File: cdli_cat.csv (bulk export from cdli.earth)
Access: Manual download (no live API for bulk catalog)
Records: 353,283 artifacts with 64 metadata fields
Key fields: P-number, designation, museum number, excavation number, period, provenience, genre, language, material, object type, dimensions, primary publication, collection, dates referenced
Update frequency: Last bulk dump August 2022. CDLI's data pipeline has been frozen upstream.
Null rates (from live database audit):
- museum_no: 9.2%, excavation_no: 68%, width/height: 82%, thickness: 91%
- period: 1.8%, provenience: 3.1%, genre: 1.4%, language: 5.2%
Schema target: artifacts table (primary), artifact_identifiers (museum_no, excavation_no, primary_publication seeded as separate rows)
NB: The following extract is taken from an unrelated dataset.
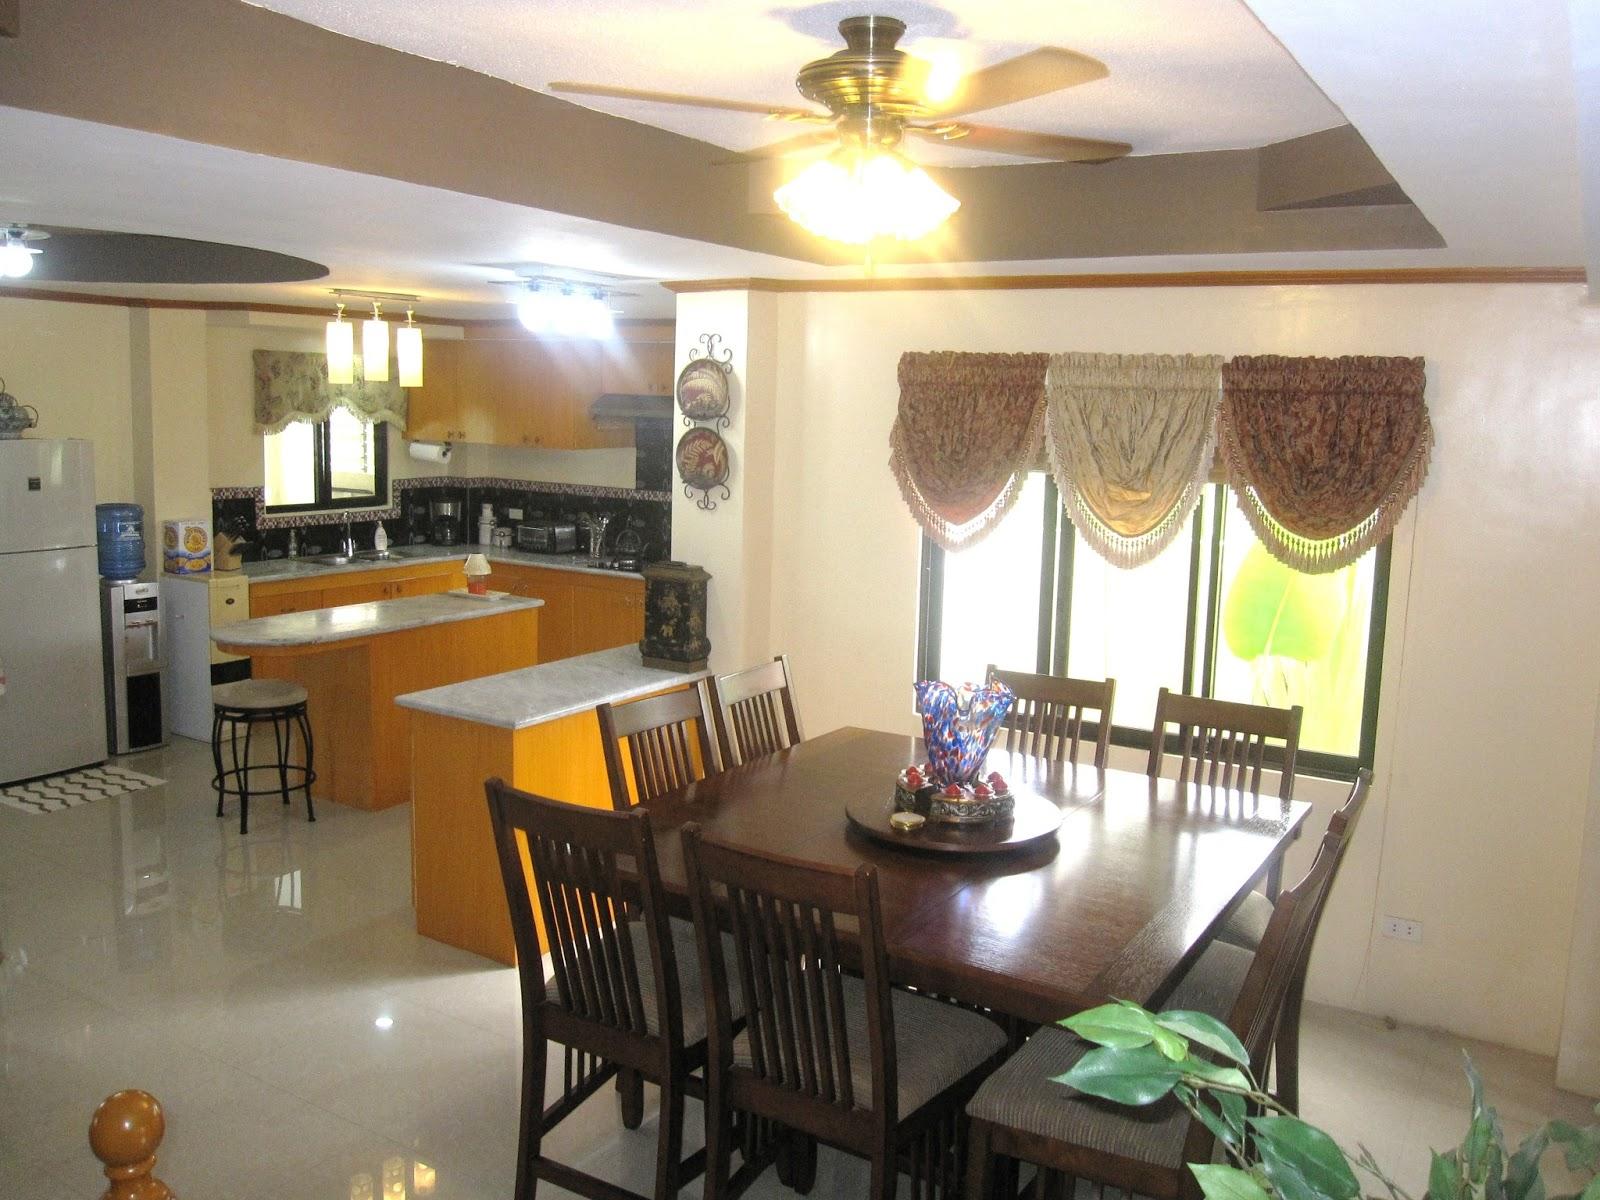 Kitchen Countertops For Sale Cebu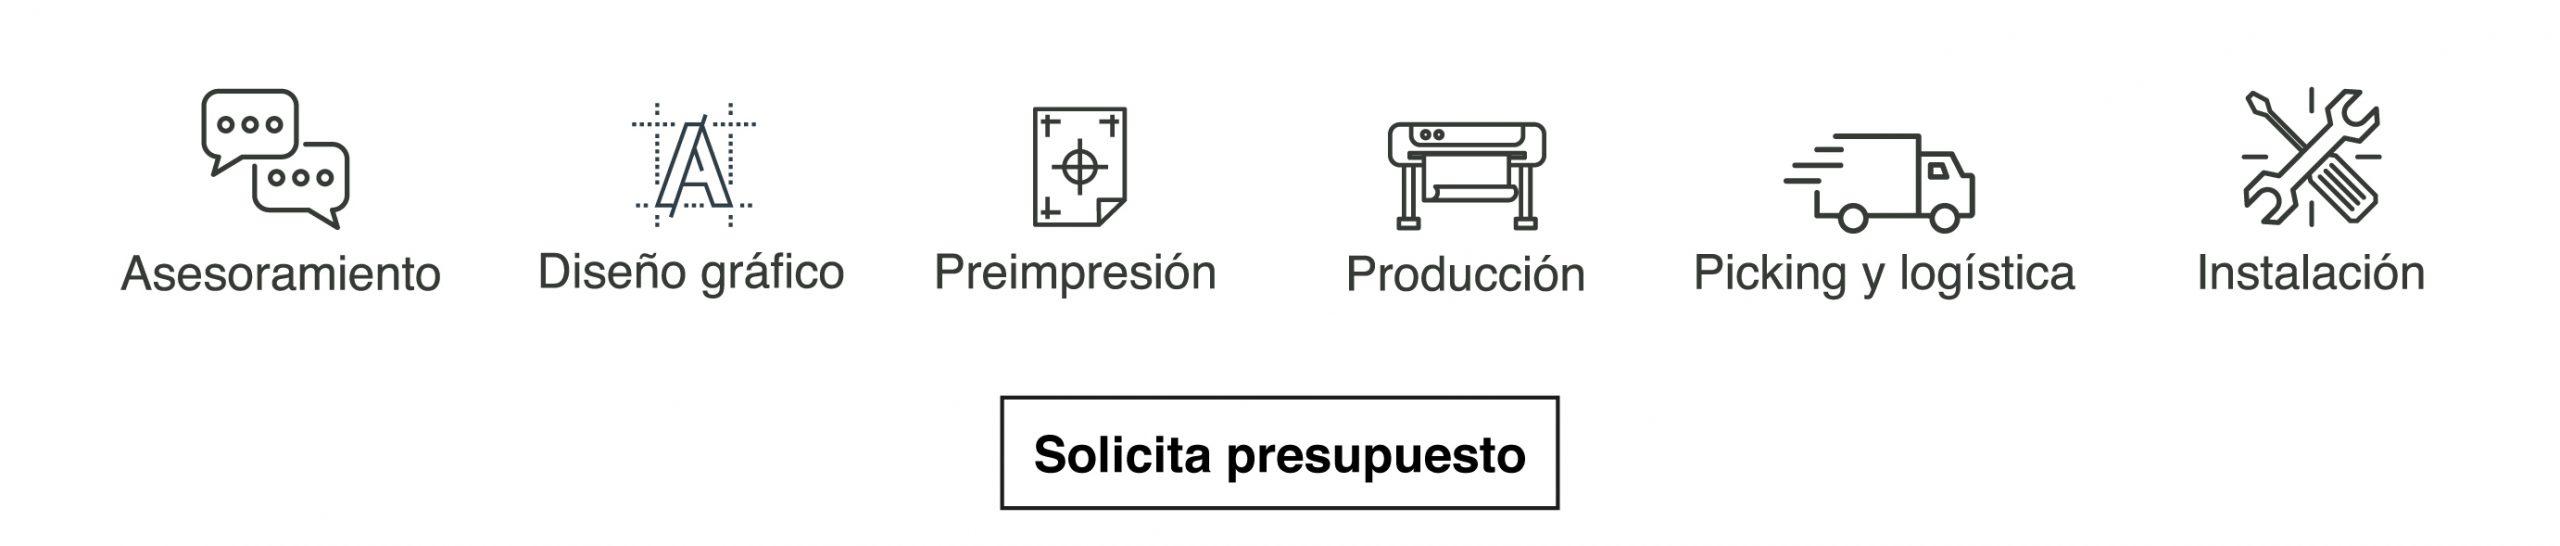 servicios impresión gran formato

ATF (ASCII Transliteration Format)

File: cdliatf_unblocked.atf (86 MB)
Access: Bulk download
Records: 135,200 transliterated texts (~3.5M lines)
Structure: Line-oriented notation with @surface markers, #tr.XX: translation markers, >>Q composite references
Adds ~33k stub records: P-numbers present in ATF but absent from catalog CSV
Schema targets: text_lines (line-level decomposition), surfaces (from @markers), translations (from #tr lines), composites and artifact_composites (from >>Q markers)

Translations

Extracted from: Inline #tr.XX: markers in ATF file
Records: 5,599 translations across 9 languages (en, de, ts, it, fr, es, dk, ca, fa)
Schema target: translations table

Images

Access: On-demand fetch from cdli.earth/dl, cached locally
Format: JPEG photographs and line drawings
Coverage: Varies by collection; many tablets have no published images
IIIF: Not yet implemented. CDLI has partial IIIF support; integration is planned.

Publications API

Access: REST API (cdli.earth), no authentication, CC0
Records: 16,725 publications, ~390k artifact-publication links
Format: Structured bibliographic data with BibTeX keys
Schema targets: publications, publication_authors, artifact_editions
Import order: API data imported first (confidence 1.0), CSV fallback for gaps

CSV Supplementary Data

Extracted from: cdli_cat.csv freetext fields
Provides: ~20k citation strings, ~4k collation records, ~7k fragment join references
Schema targets: scholarly_annotations, fragment_joins
Confidence: Lower than API data (0.3-0.7 depending on regex parse quality)

ORACC (Open Richly Annotated Cuneiform Corpus)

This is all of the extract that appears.